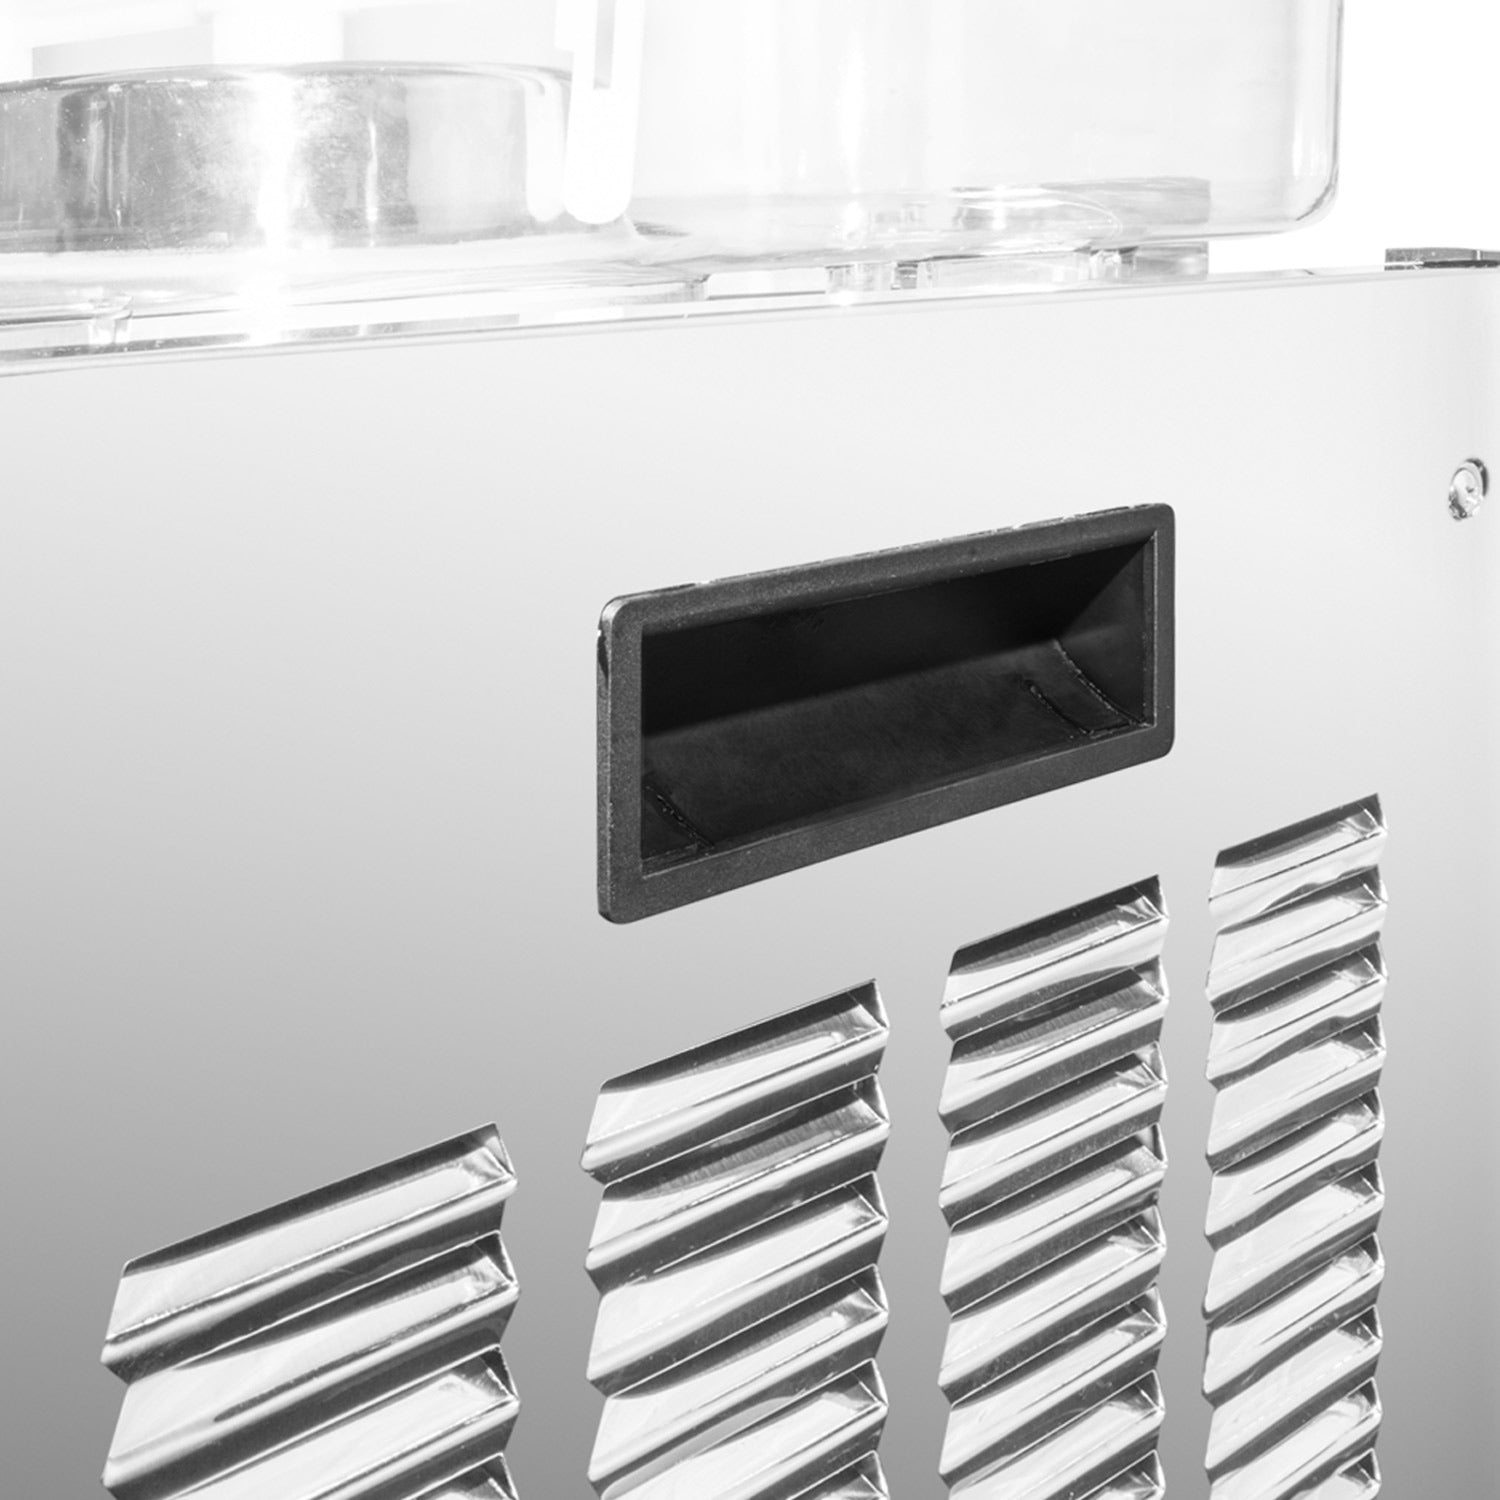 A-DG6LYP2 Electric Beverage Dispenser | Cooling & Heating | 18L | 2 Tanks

==

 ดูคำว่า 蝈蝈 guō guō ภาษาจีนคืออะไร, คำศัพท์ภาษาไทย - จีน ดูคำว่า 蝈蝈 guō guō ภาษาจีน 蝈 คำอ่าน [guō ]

* * *

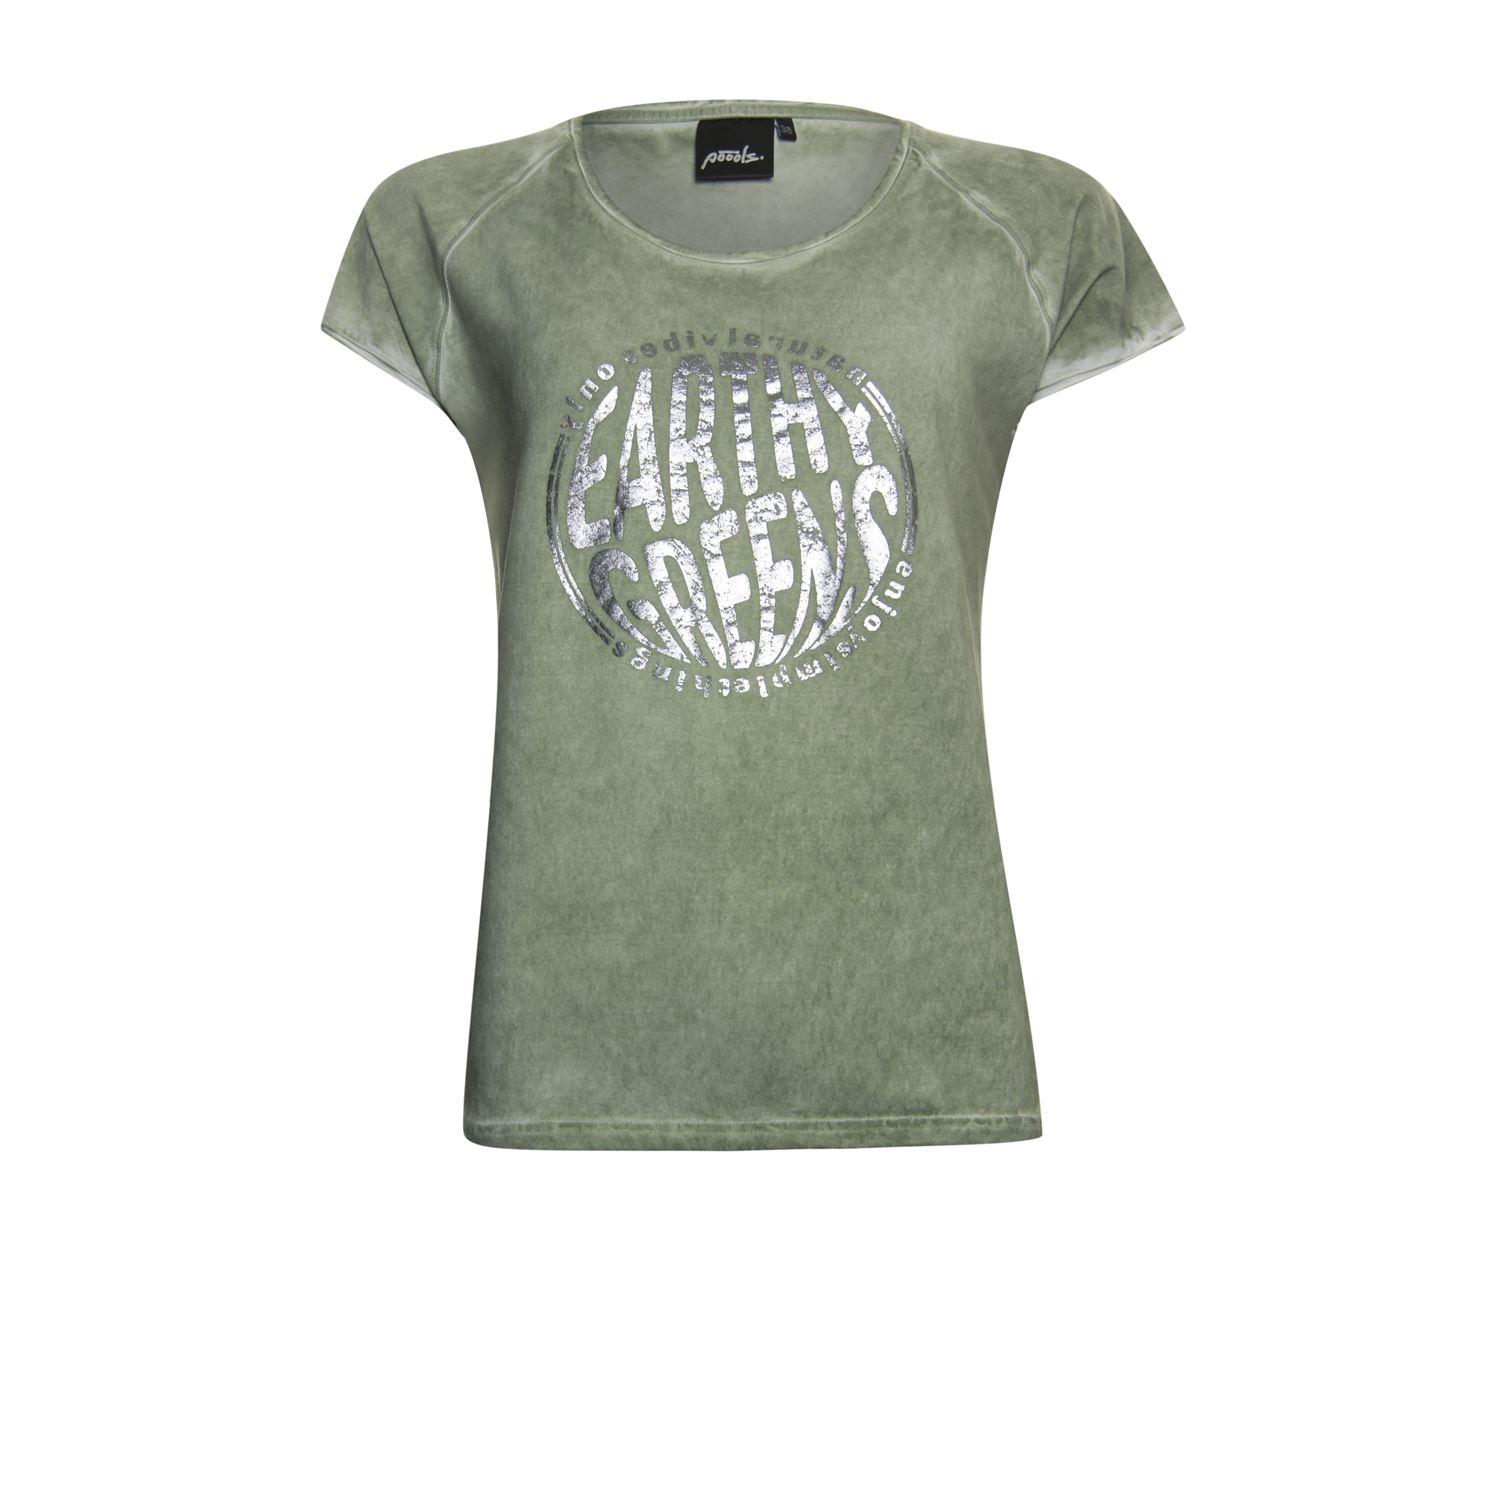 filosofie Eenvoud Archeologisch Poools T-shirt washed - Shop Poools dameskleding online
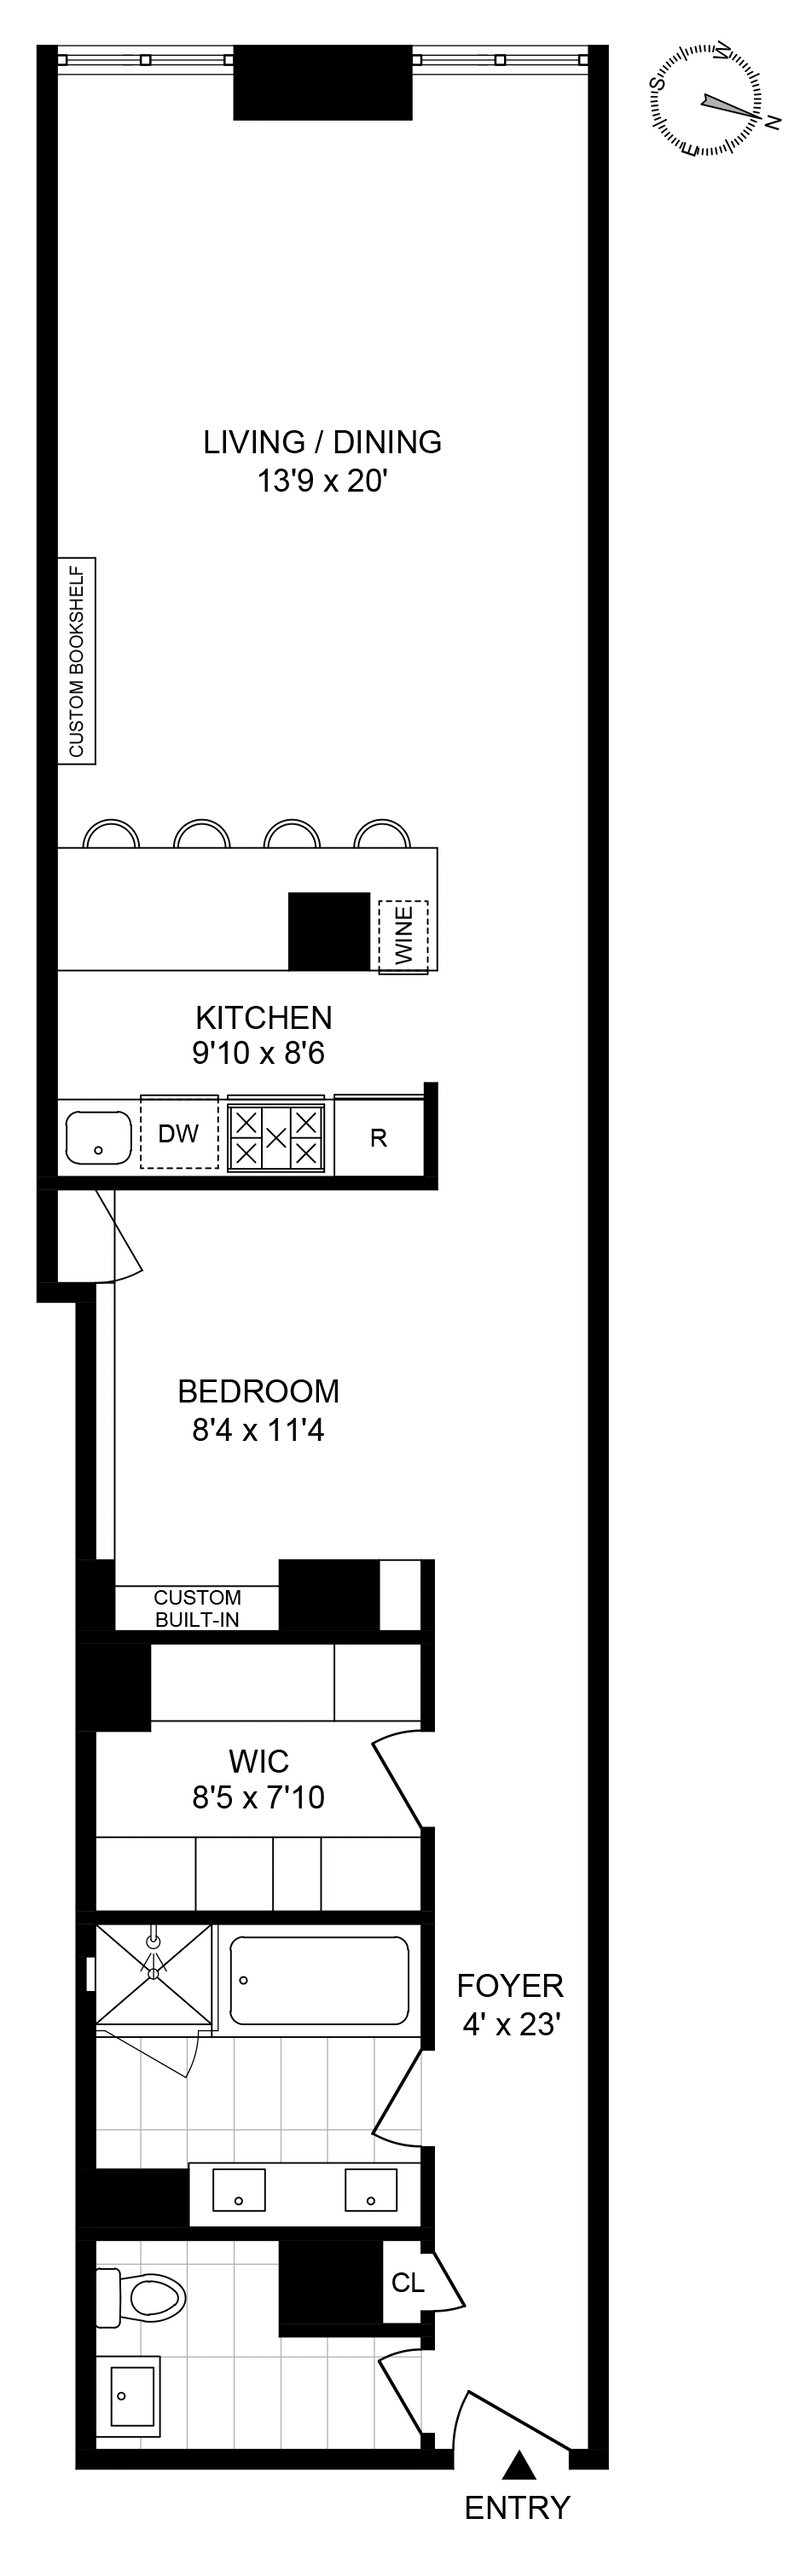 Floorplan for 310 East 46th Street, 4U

What you need to do: Write back the stretch of lines above that begins with the line holding "filosofie Eenvoud Archeologisch" and ends with the line holding "Floorplan for 310 East 46th Street, 4U", both included, exactly as written. Pictures stay out.

Answer below:
 filosofie Eenvoud Archeologisch Poools T-shirt washed - Shop Poools dameskleding online
 Floorplan for 310 East 46th Street, 4U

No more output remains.